The problem with the pasty tax? It’s not had enough media coverage

No really. Despite the rush of politicians to recall when they last had a pasty or to be photographed eating one (me? south London, last weekend, Greggs, branch still open, no photo available), the problem is we’ve not had nearly enough media coverage of the pasty tax proposals.

“What?!?! Not enough coverage?!?!”, you might well wonder. But bear with me.

You see, there are huge chunks of the story missing from the coverage. Of course there’s the normal thing with a government consultation on a range of proposals being reported as if they are all absolutely certain to come into force.

But more than that, there are many other ramifications to the proposed VAT changes which would catch pasties that have barely been mentioned.

Consider toasted sandwiches and hot chicken products. Sell them from a corner take-away shop and you pay VAT. Sell almost identical products from a huge out of town supermarket and you don’t pay VAT. Should the VAT system really be preferring one over the other? It is debatable, to put it mildly.

It’s also fair to say that there is rather more to the issue that my simple comparison illustrates. But that makes my point all the more: there’s far more to the VAT proposals than pasties and there’s far more to the implications than the future of pasties makers and sellers.

So more coverage please.

UPDATE: Nick Robinson’s brief PS today rather reinforces my point:

I’m told that the pasty tax is not so unpopular in Bradford where small independent curry shops have had to charge VAT on hot takeout whilst big, wealthy chains like Greggs and the supermarkets have not had to on their hot takeout food. Anyone from Bradford like to tell me whether that’s true?

2 responses to “The problem with the pasty tax? It’s not had enough media coverage”

  1. Also the rules currently relate to 'above ambient temperature' which means on a really hot day (>25C) a pasty (usually served at 21-24C) will not attract VAT but on a cold day it will…

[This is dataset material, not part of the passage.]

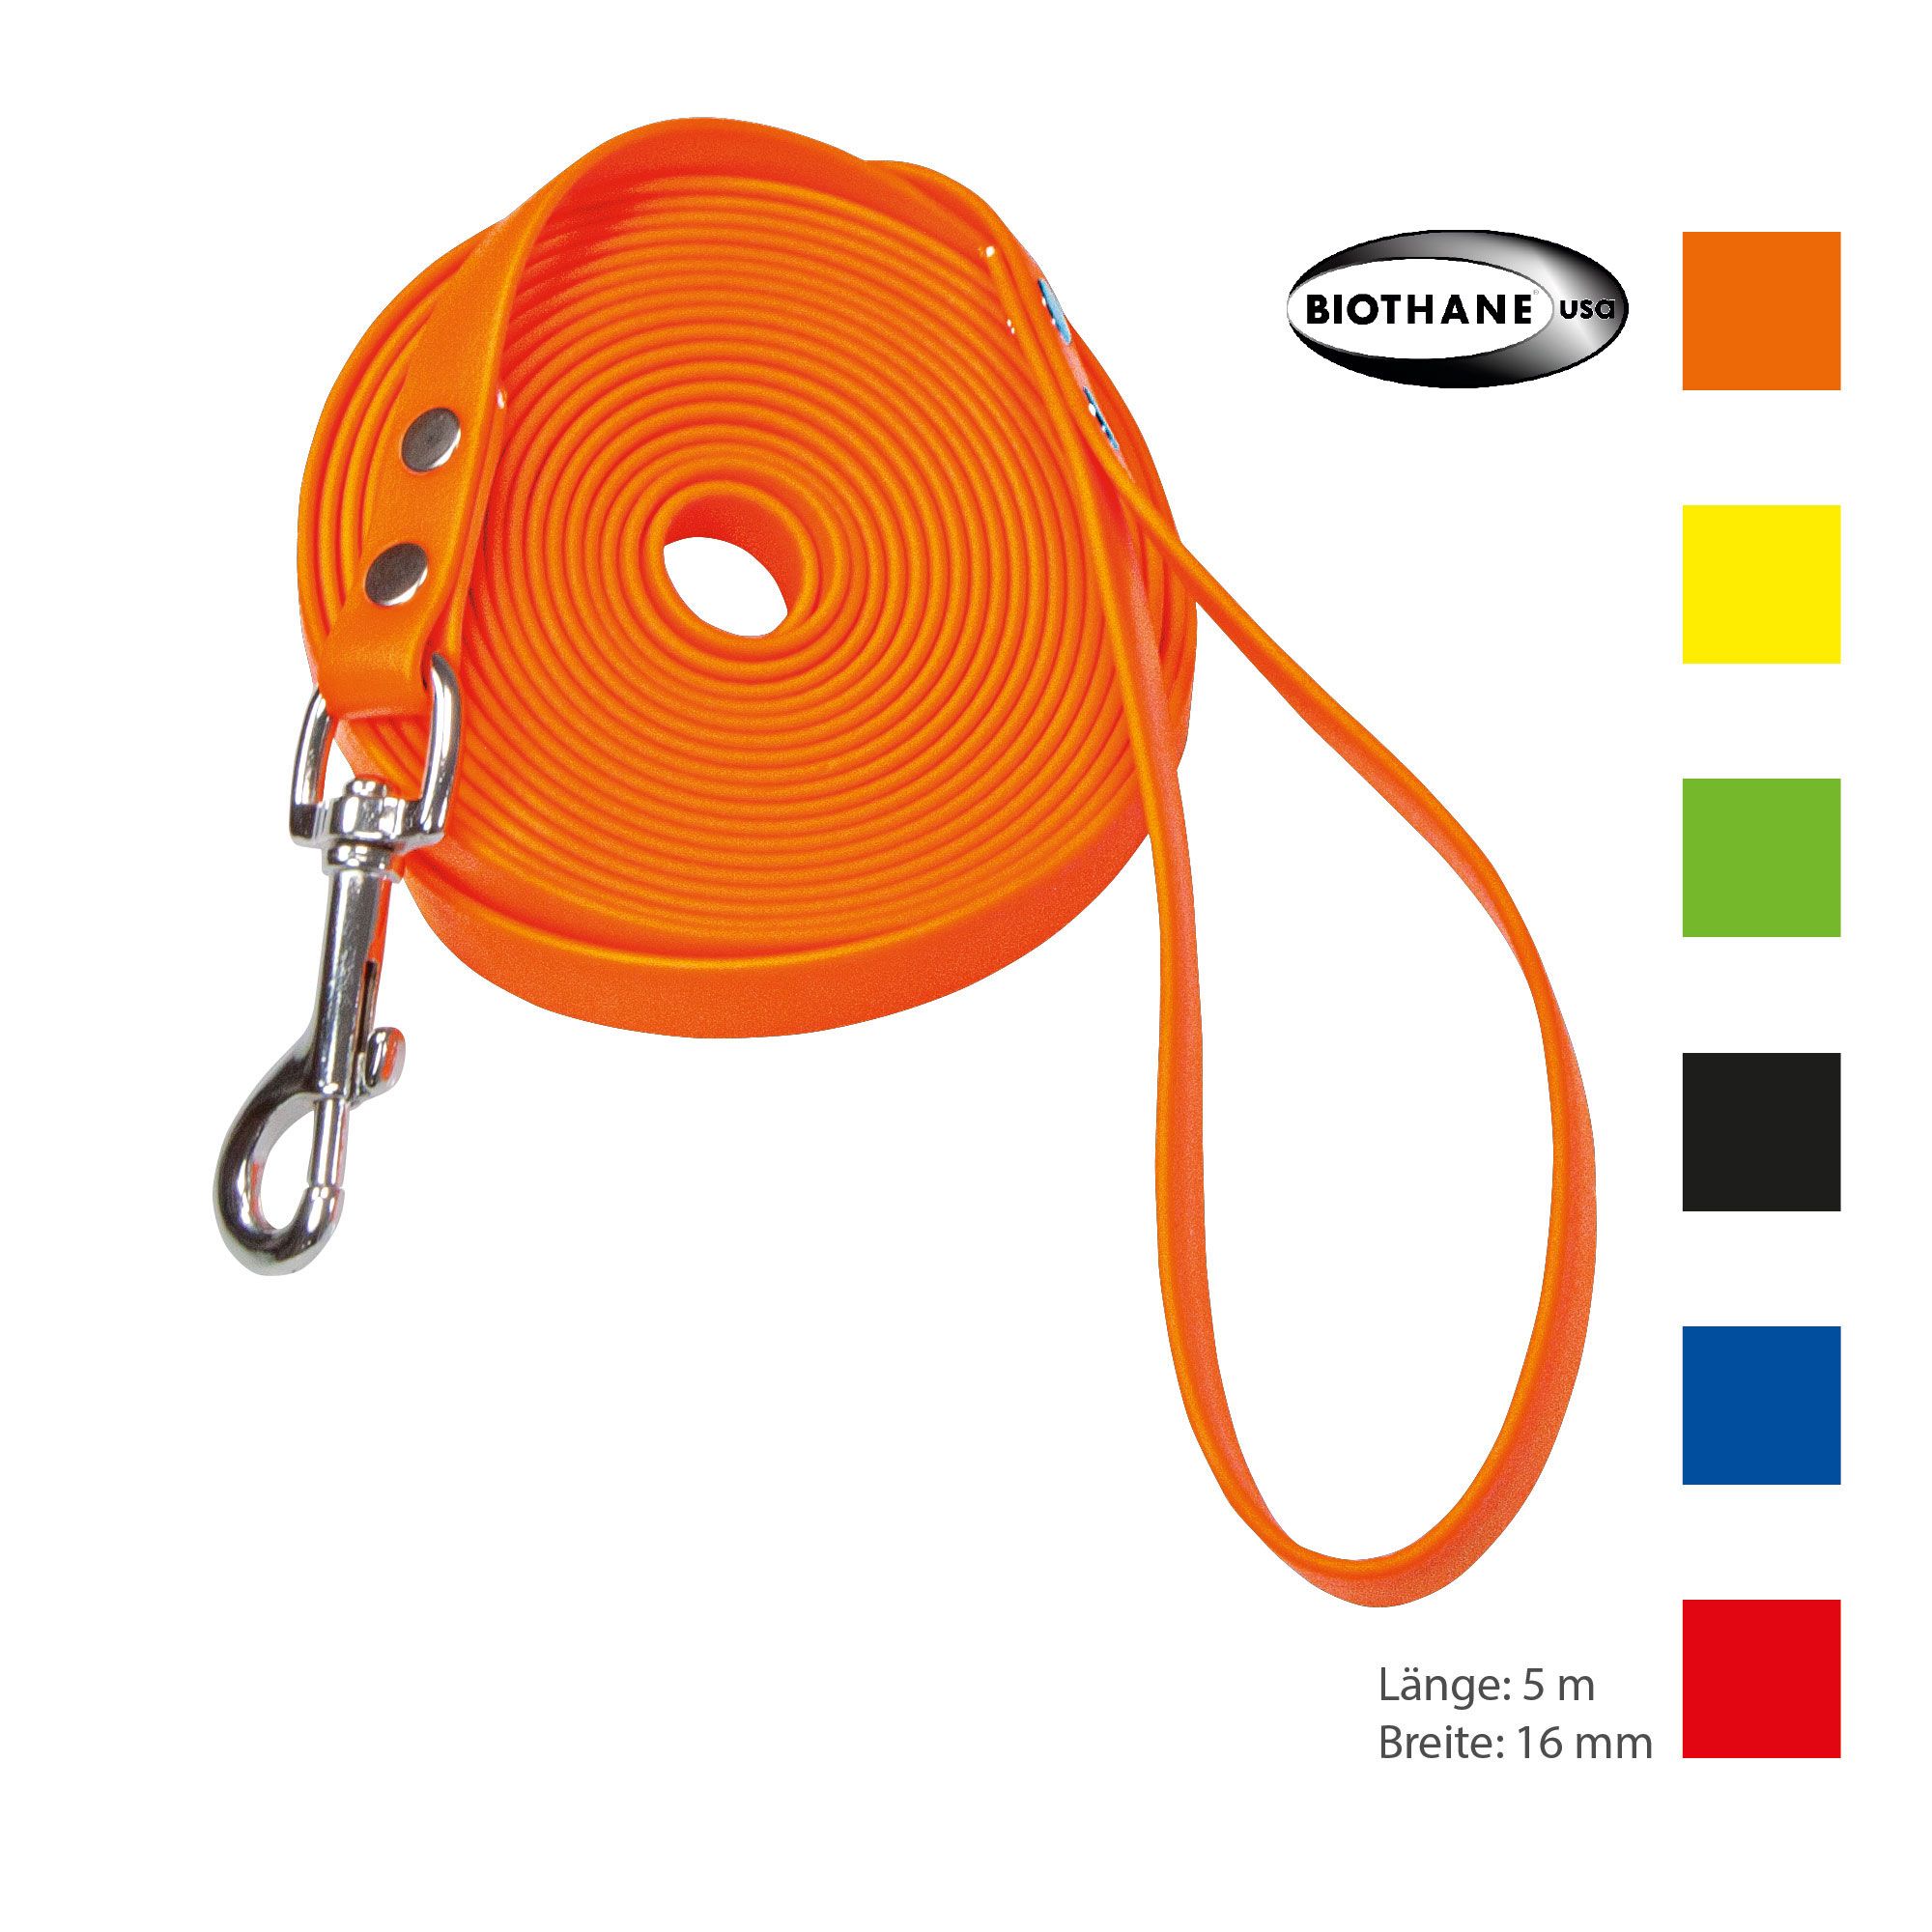 Schecker orange Biothane® Schleppleine mit Handschlaufe - 5 m/16mm - widerstandsfähig

  2. Why don't we get rid of the whole Jaffa cake/biscuit farce? If it's hot (incuding from a supermarket rotisserie department, etc.) you've had the "luxury" of having it heated. If it's cold – even if it's a biscuit – it's no luxury. Frankly, the congealed fat in a cold pasty gives it the consistency of a biscuit. Perhaps that's the problem. It should have been more like a Jaffa Cake. Real luxury foods are easy to identify, like sturgeon caviar. This whole luxury shennanigans is a tax raising scam. Better to raise that amount from a truly progressive income tax. Otherwise cut the rate of VAT, apply it to everything, and make compensatory tax changes elsewhere to equalise things for the poor.